▶ **Action item**
Transcribe exactly, please, the lines from the one containing "islas cies islands" through the end of the records below, and leave out the pictures.

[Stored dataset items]

▬▬▬

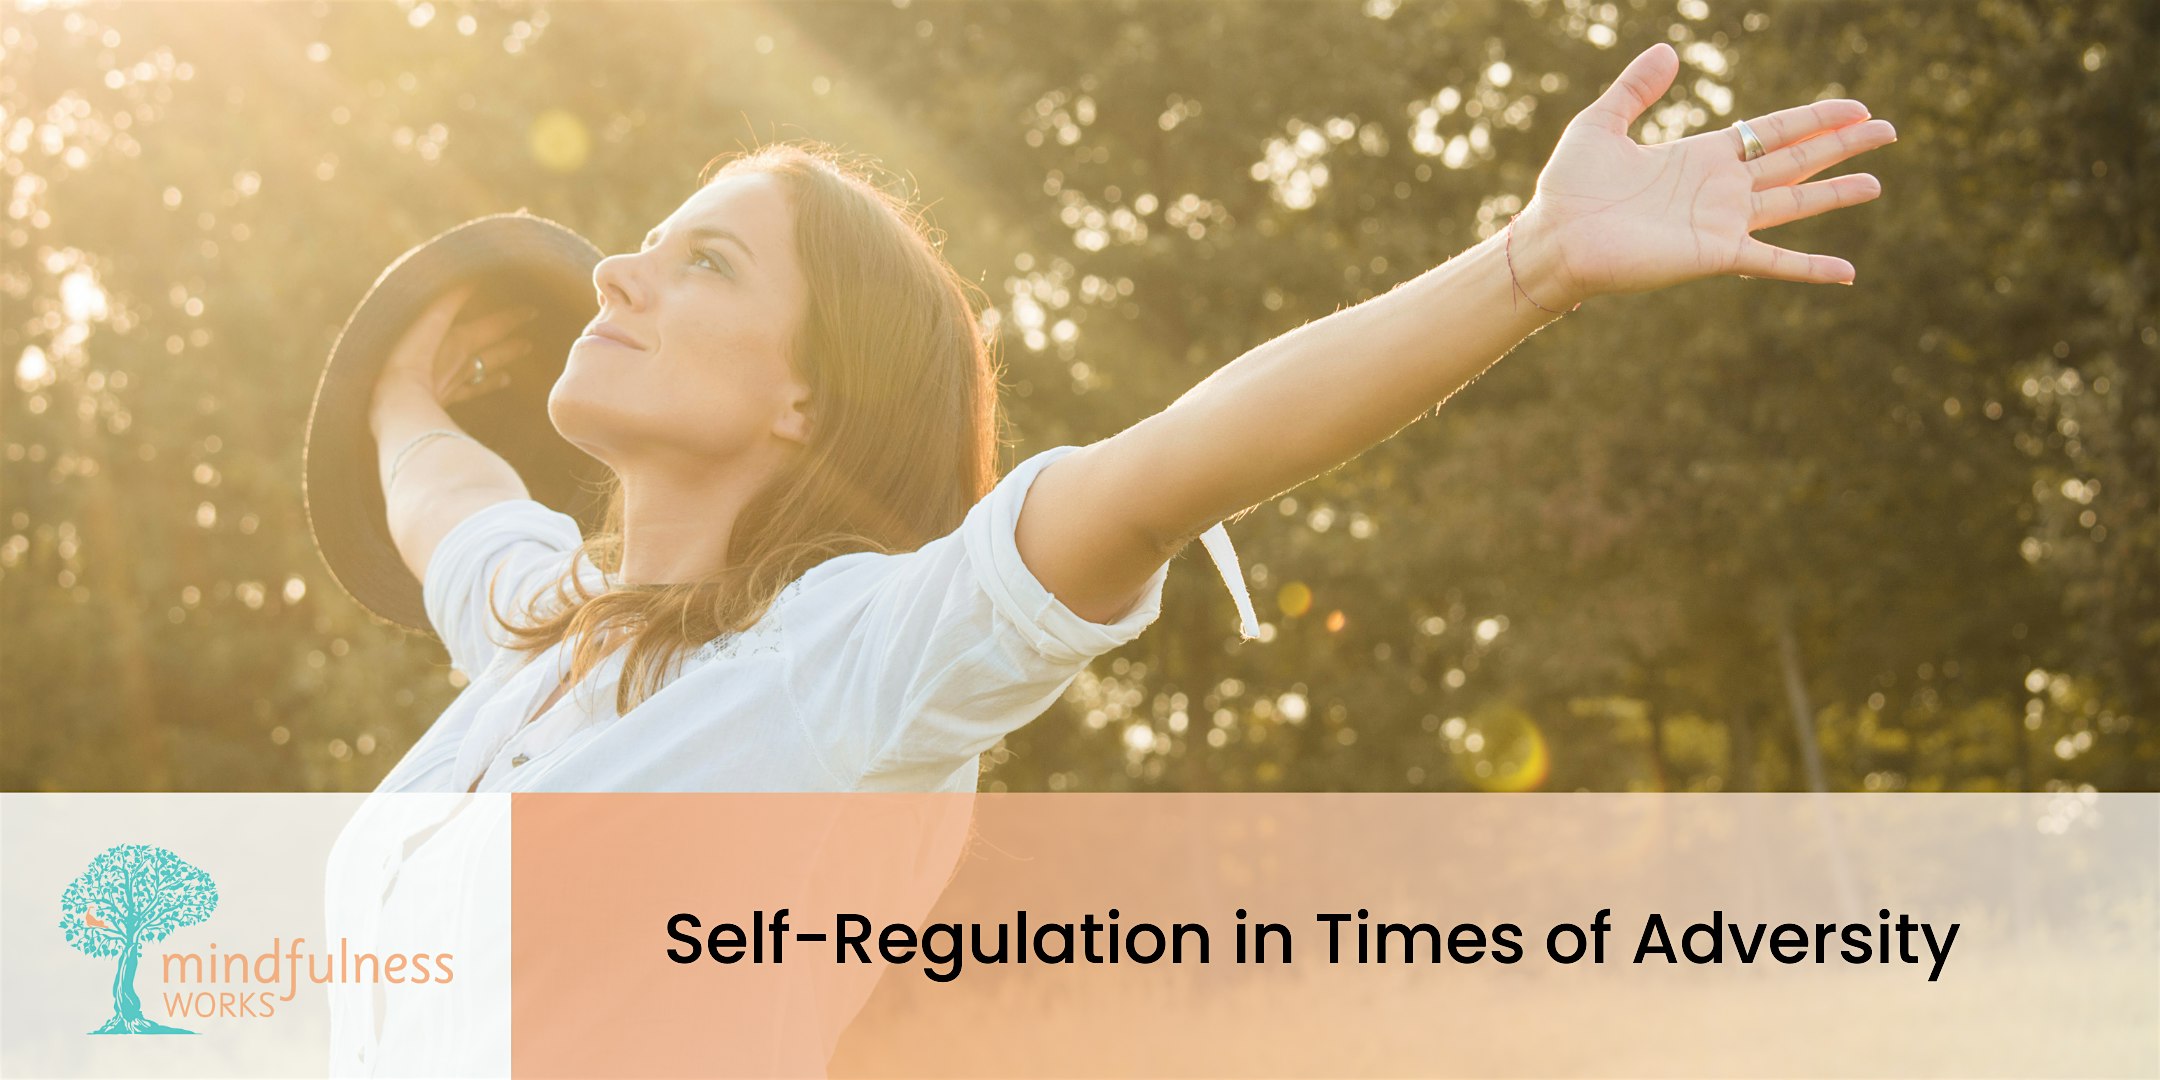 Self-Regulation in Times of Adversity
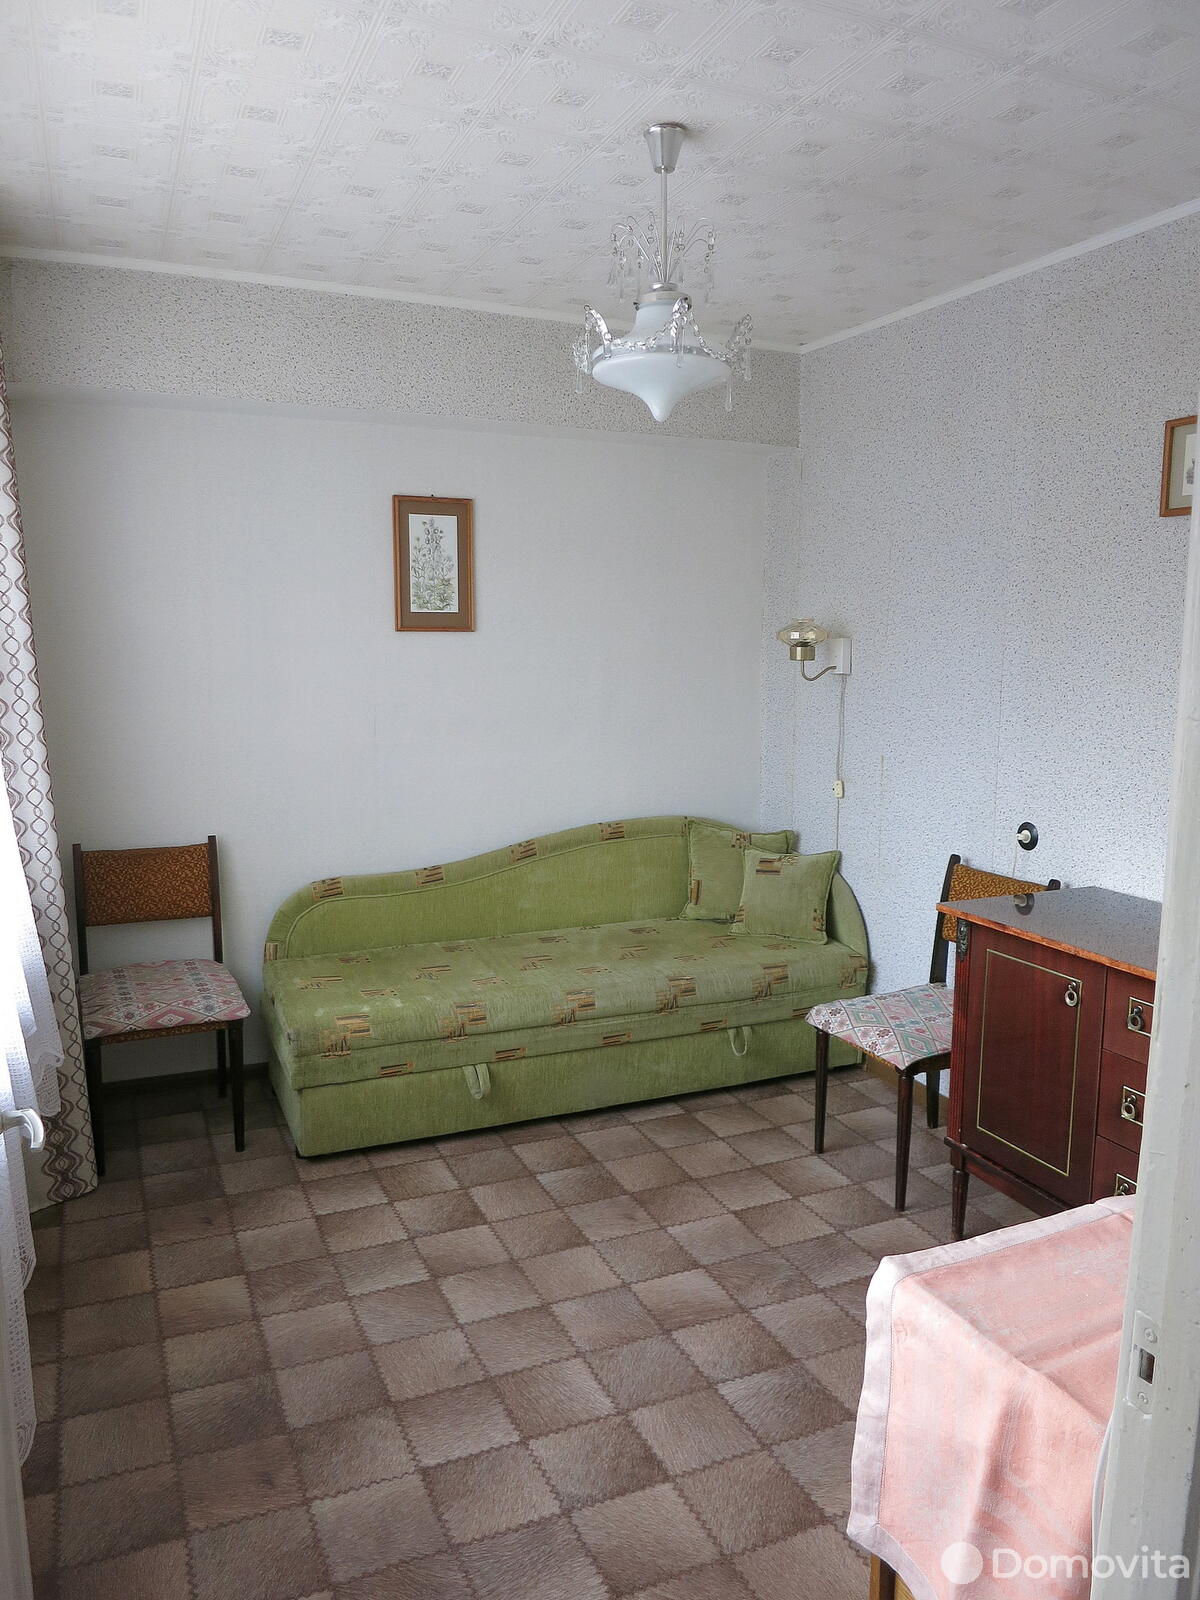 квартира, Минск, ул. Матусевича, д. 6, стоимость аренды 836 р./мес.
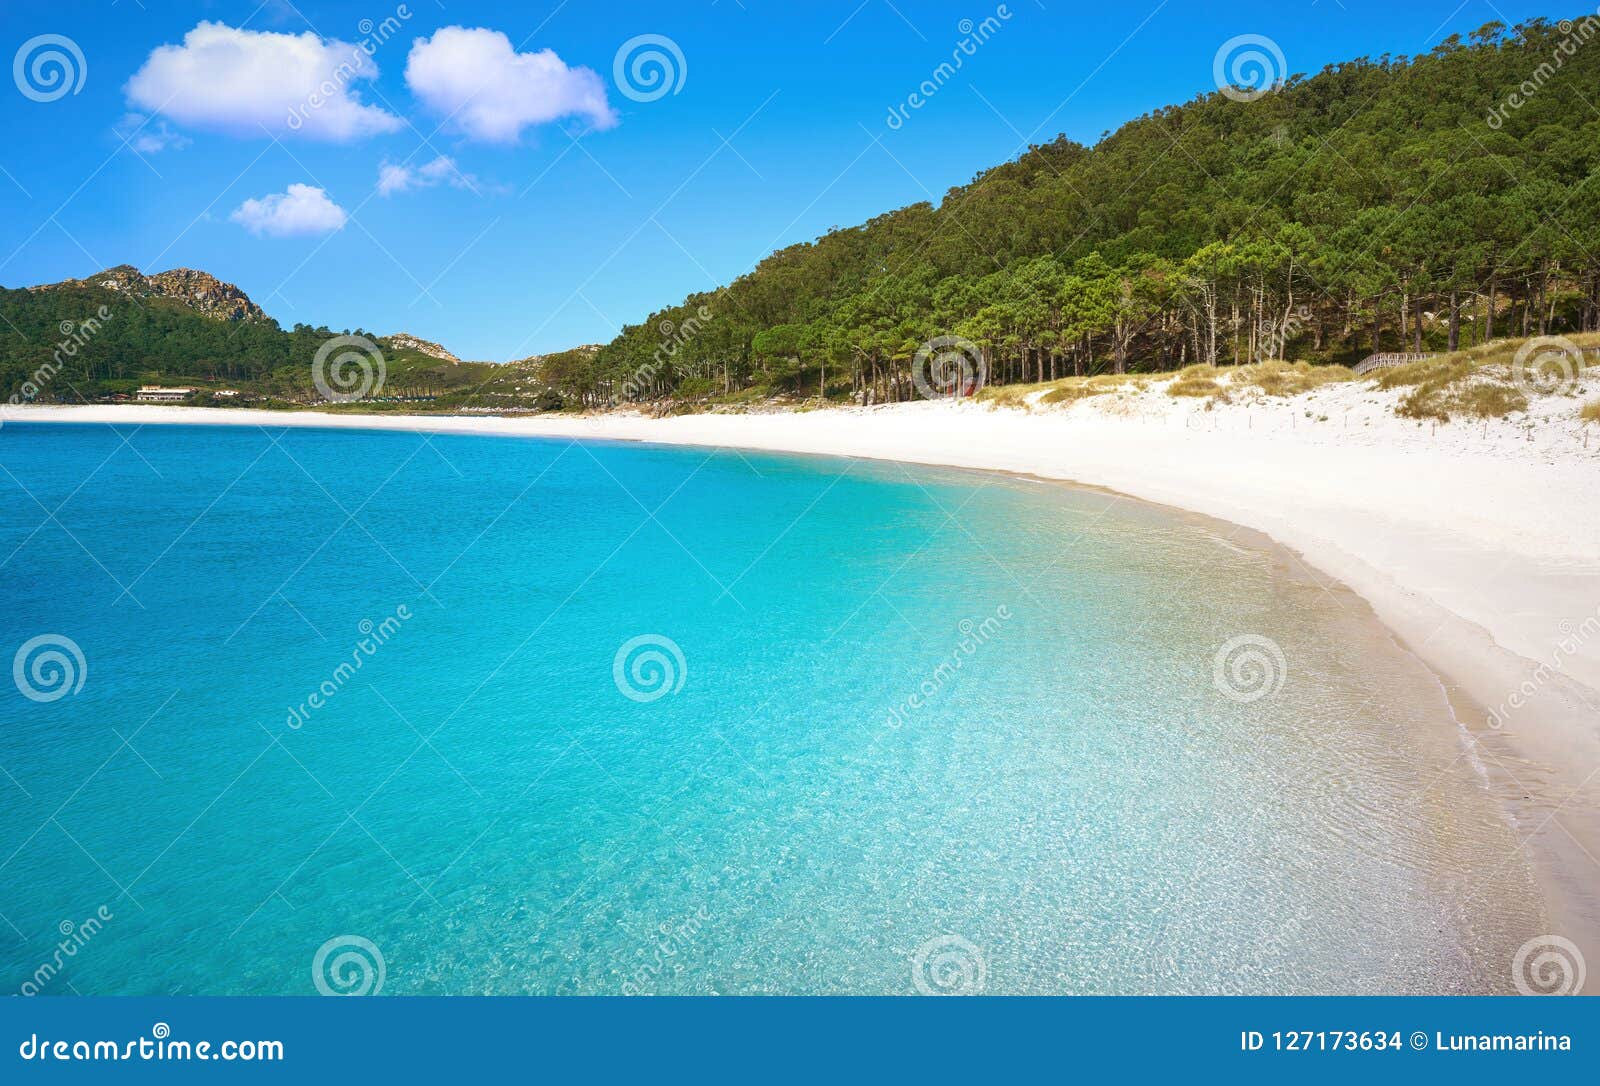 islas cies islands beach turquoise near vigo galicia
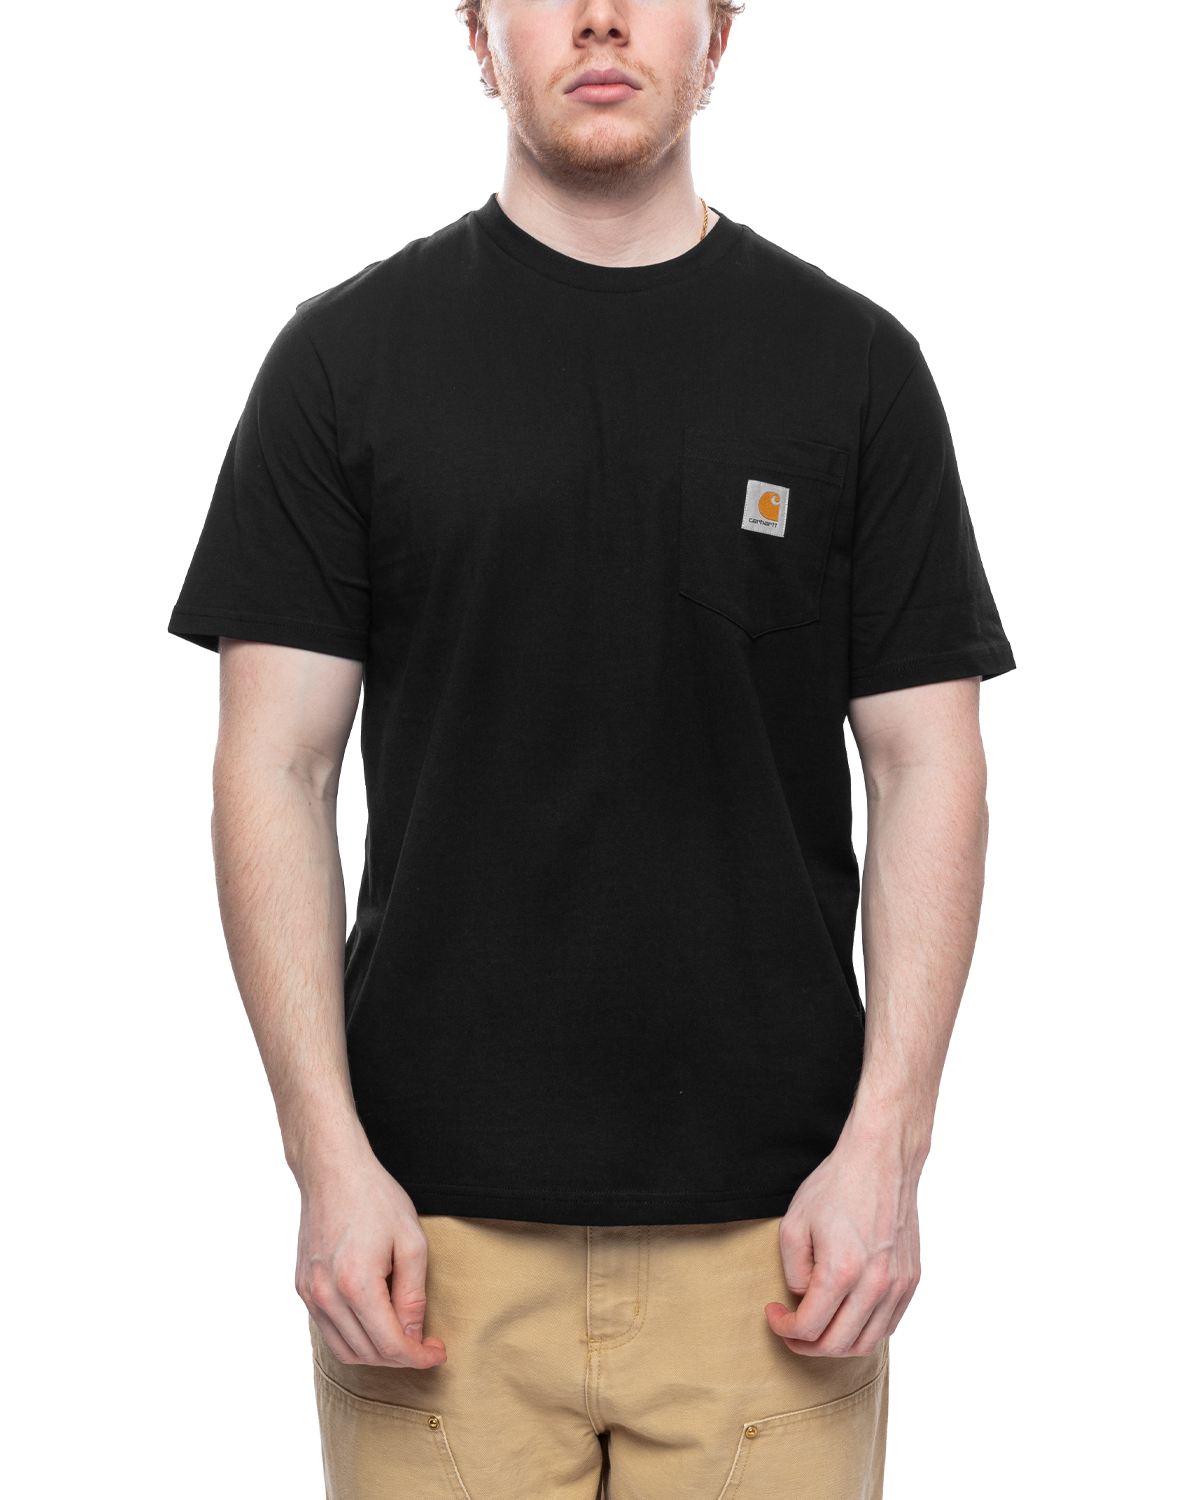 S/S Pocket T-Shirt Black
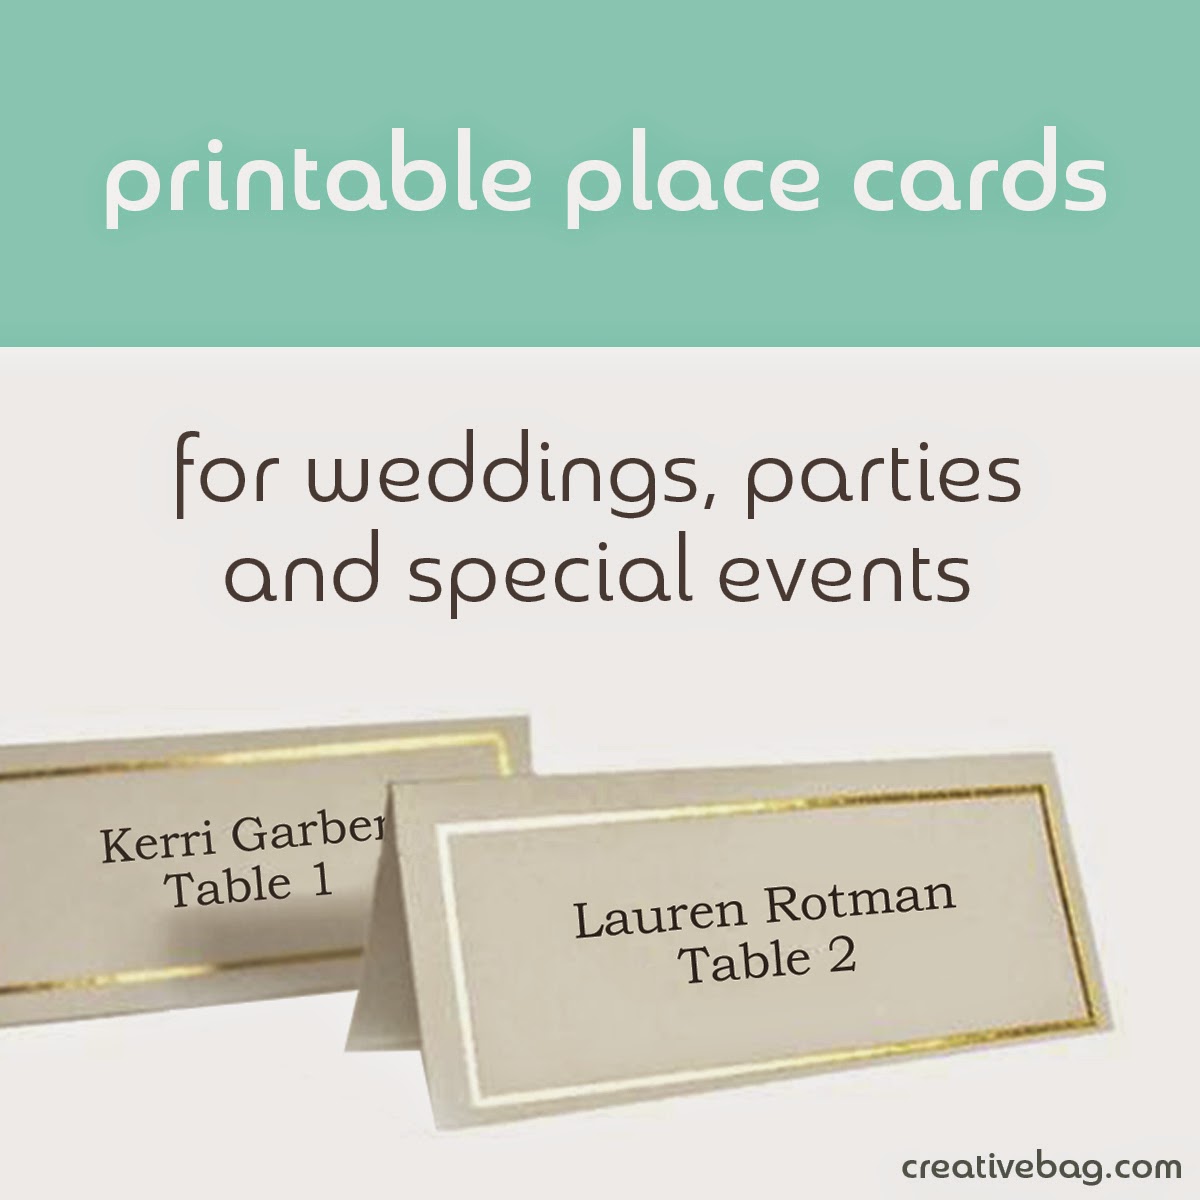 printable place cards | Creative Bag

▬▬▬

▶ **Your solution**
 islas cies islands beach turquoise near vigo galicia
 S/S Pocket T-Shirt Black
 printable place cards | Creative Bag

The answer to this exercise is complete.